## [DATA BLOCK]
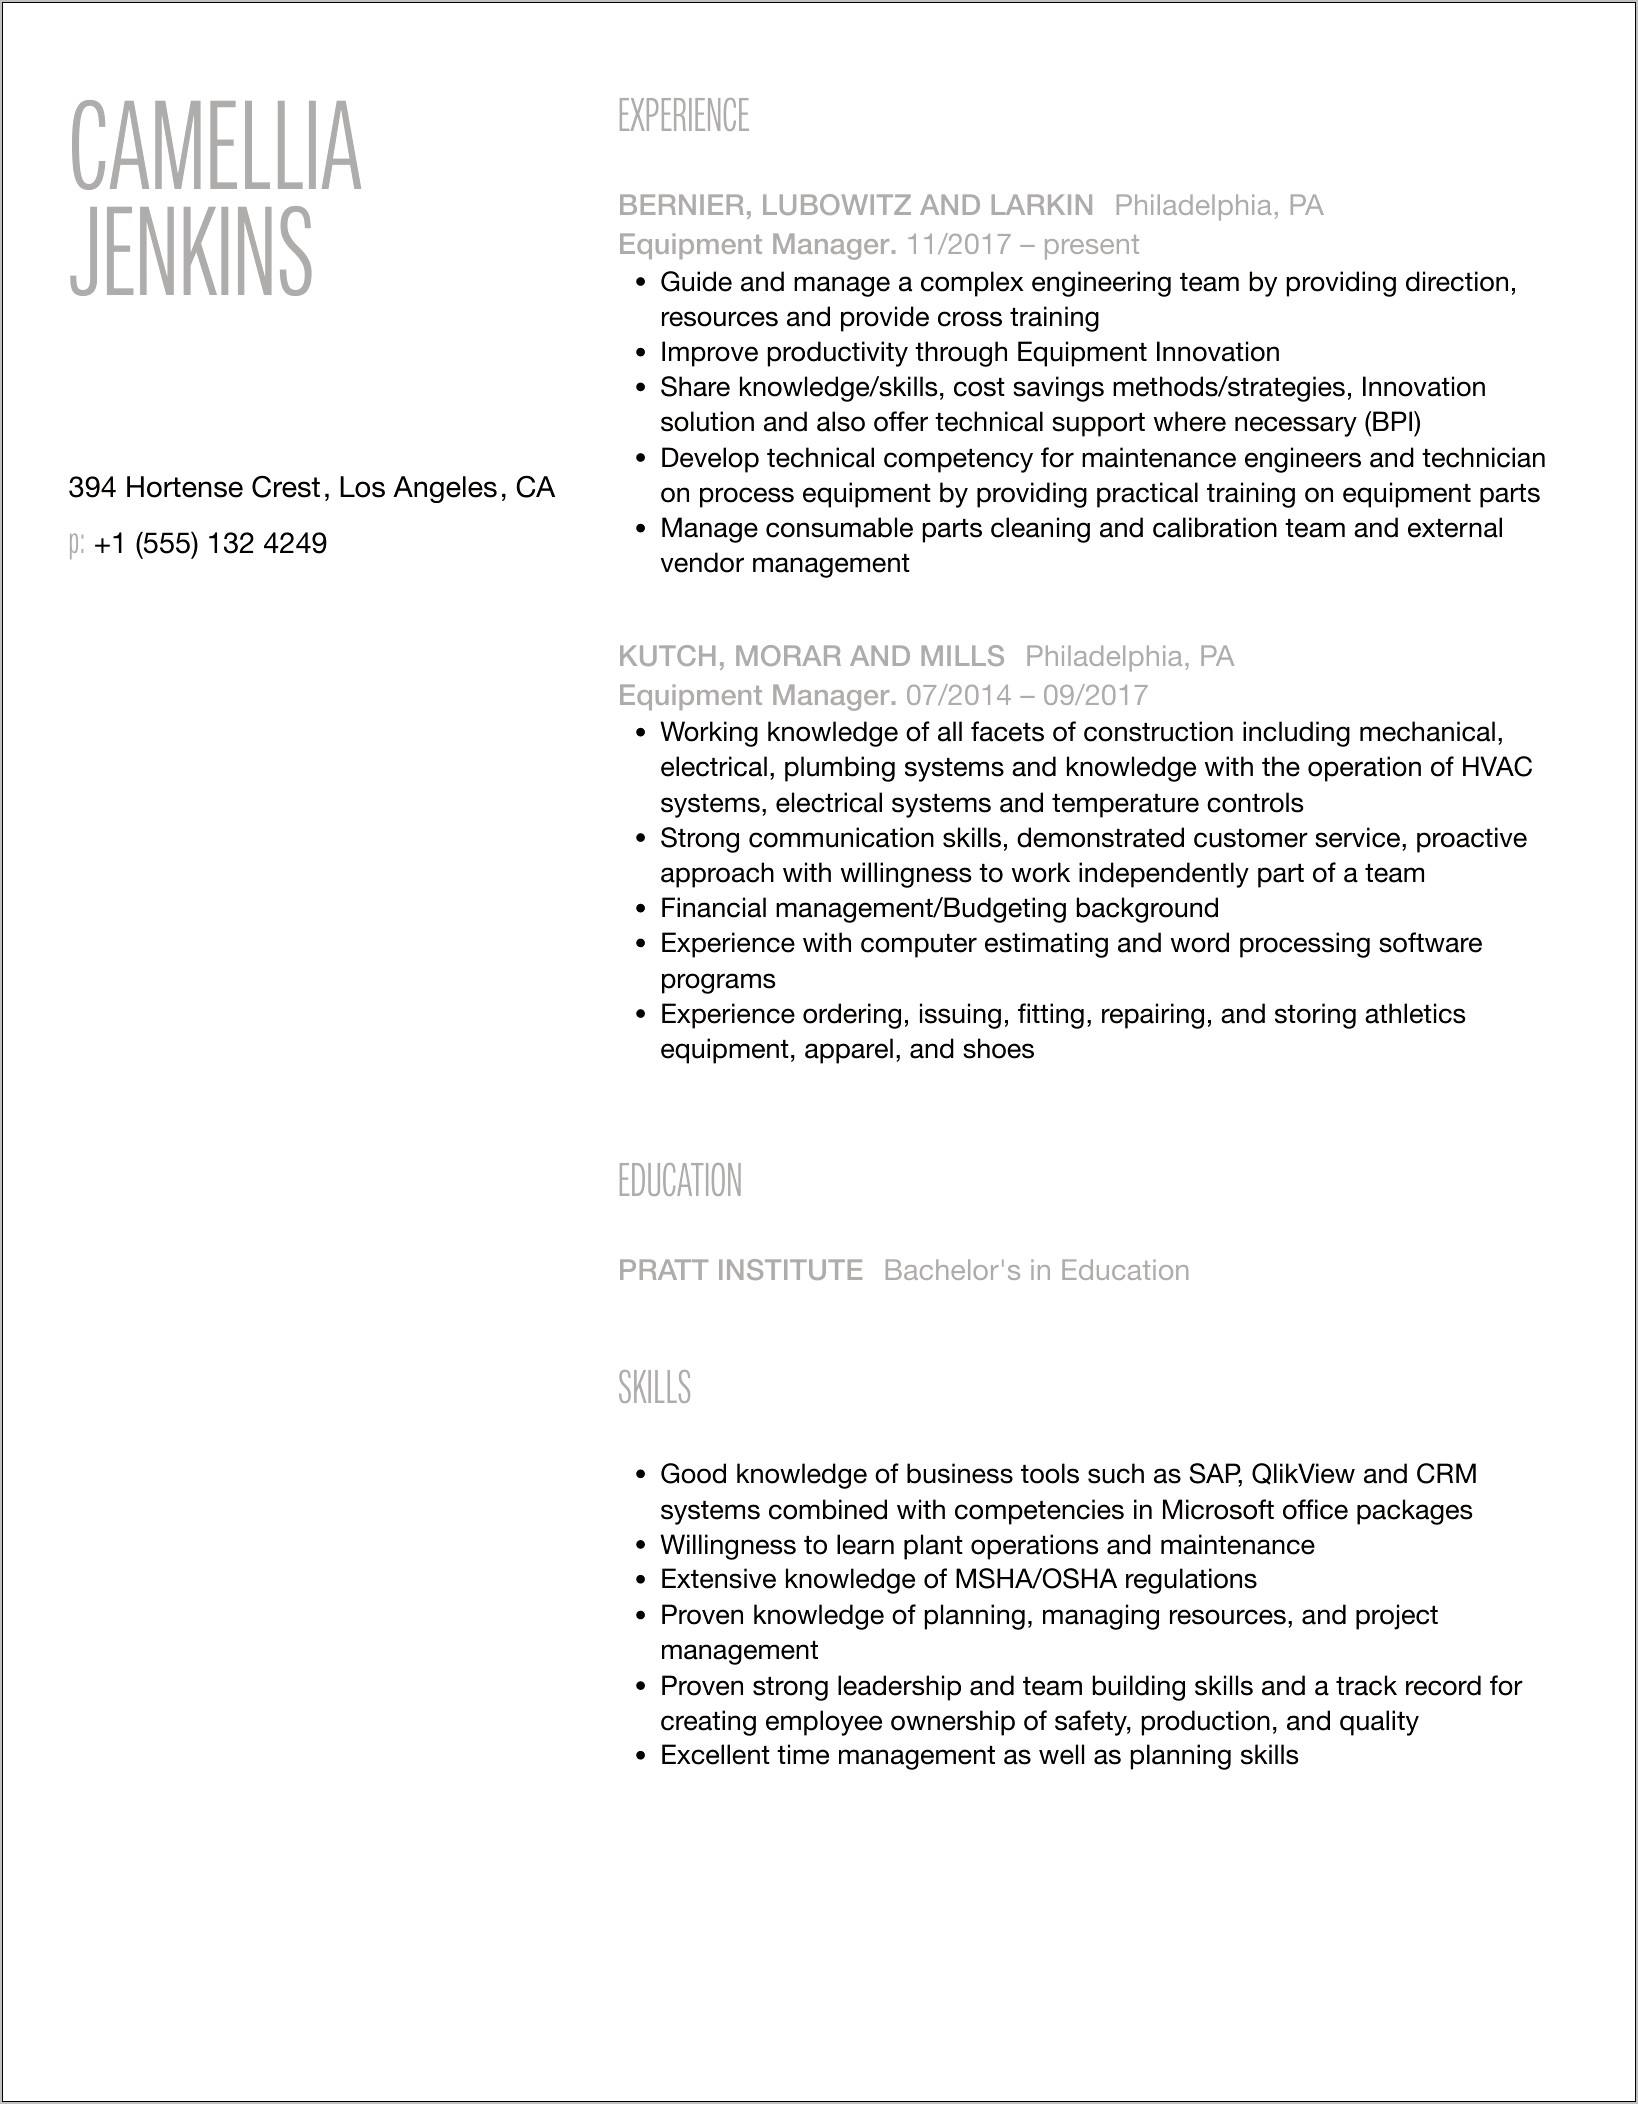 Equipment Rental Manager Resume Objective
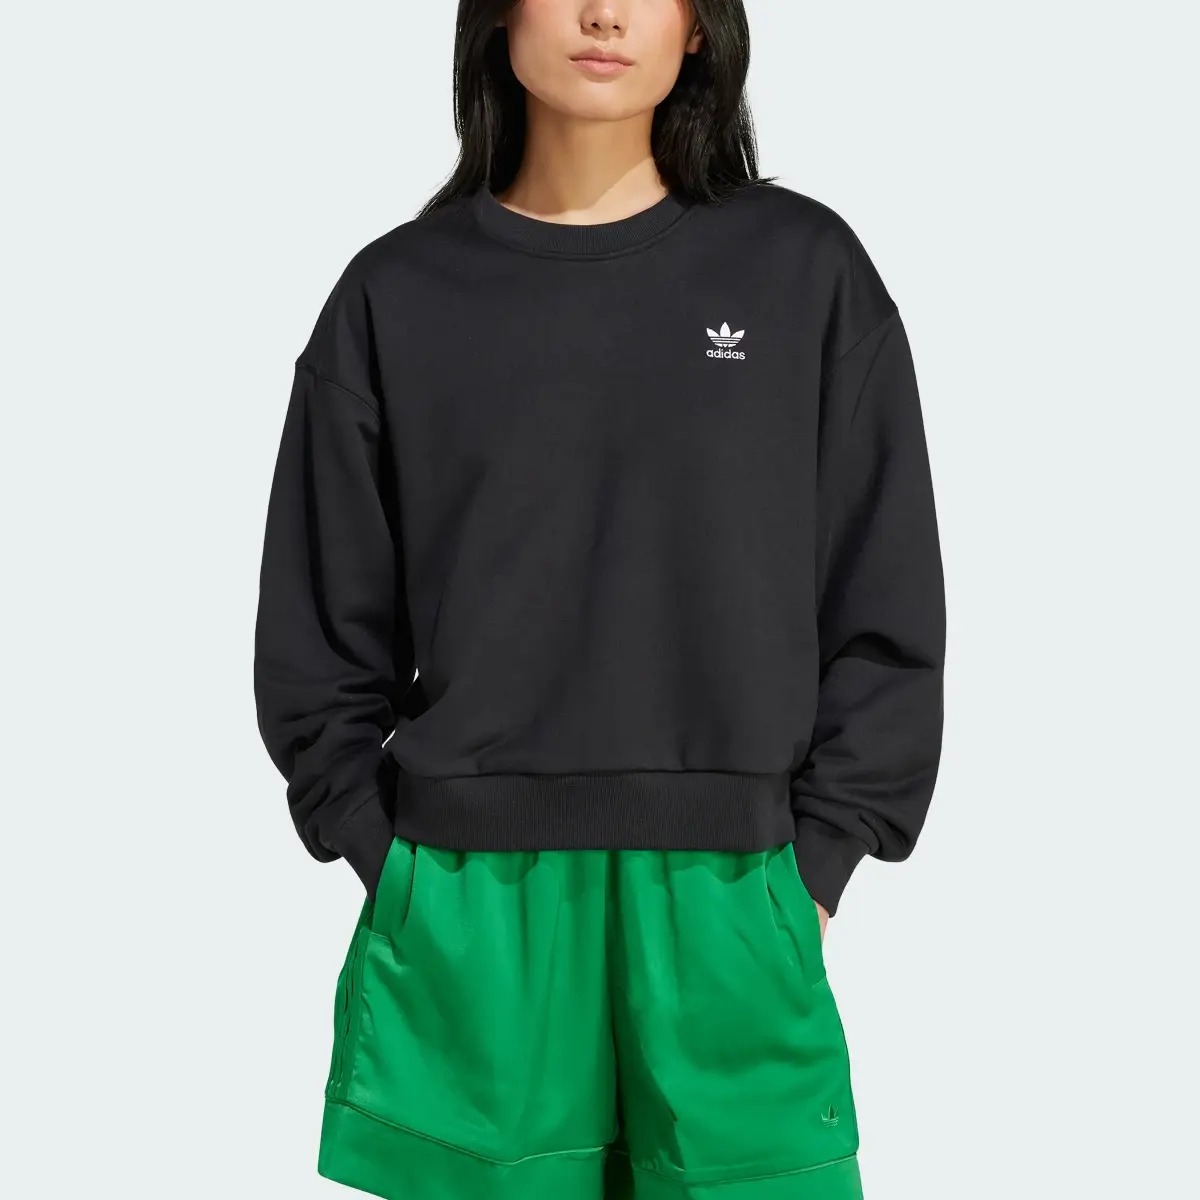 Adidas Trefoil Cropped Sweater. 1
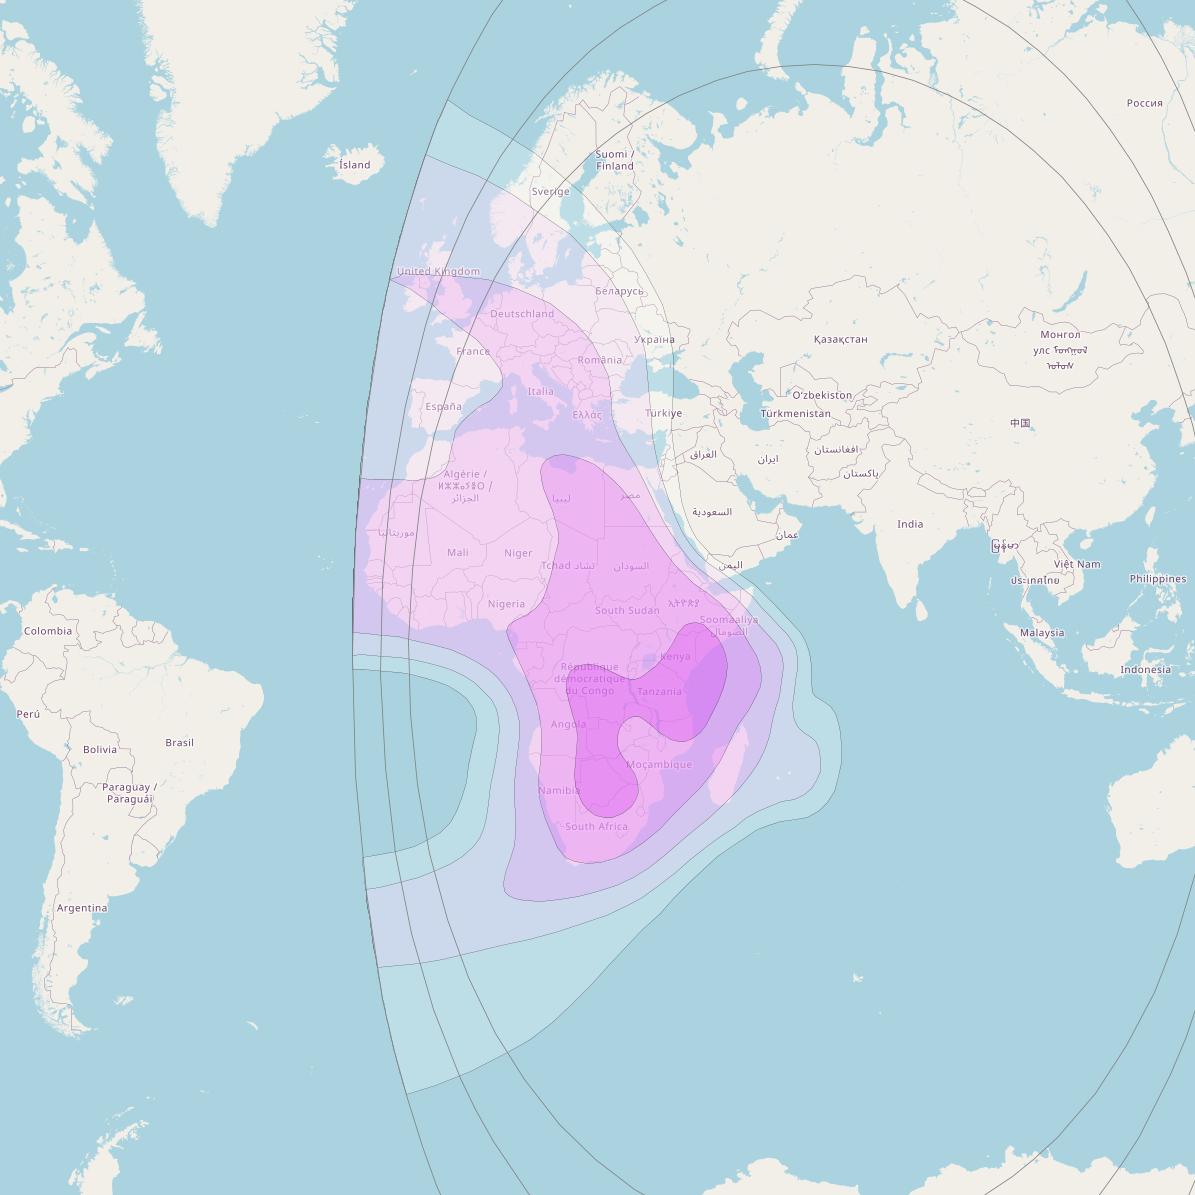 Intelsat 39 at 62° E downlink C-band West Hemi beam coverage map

## [ABOUT THIS EXERCISE]
With the pictures left out, write out all of the data exactly.

## [PROBLEM SOLUTION]
 Equipment Rental Manager Resume Objective
 Adidas Trefoil Cropped Sweater. 1
 Intelsat 39 at 62° E downlink C-band West Hemi beam coverage map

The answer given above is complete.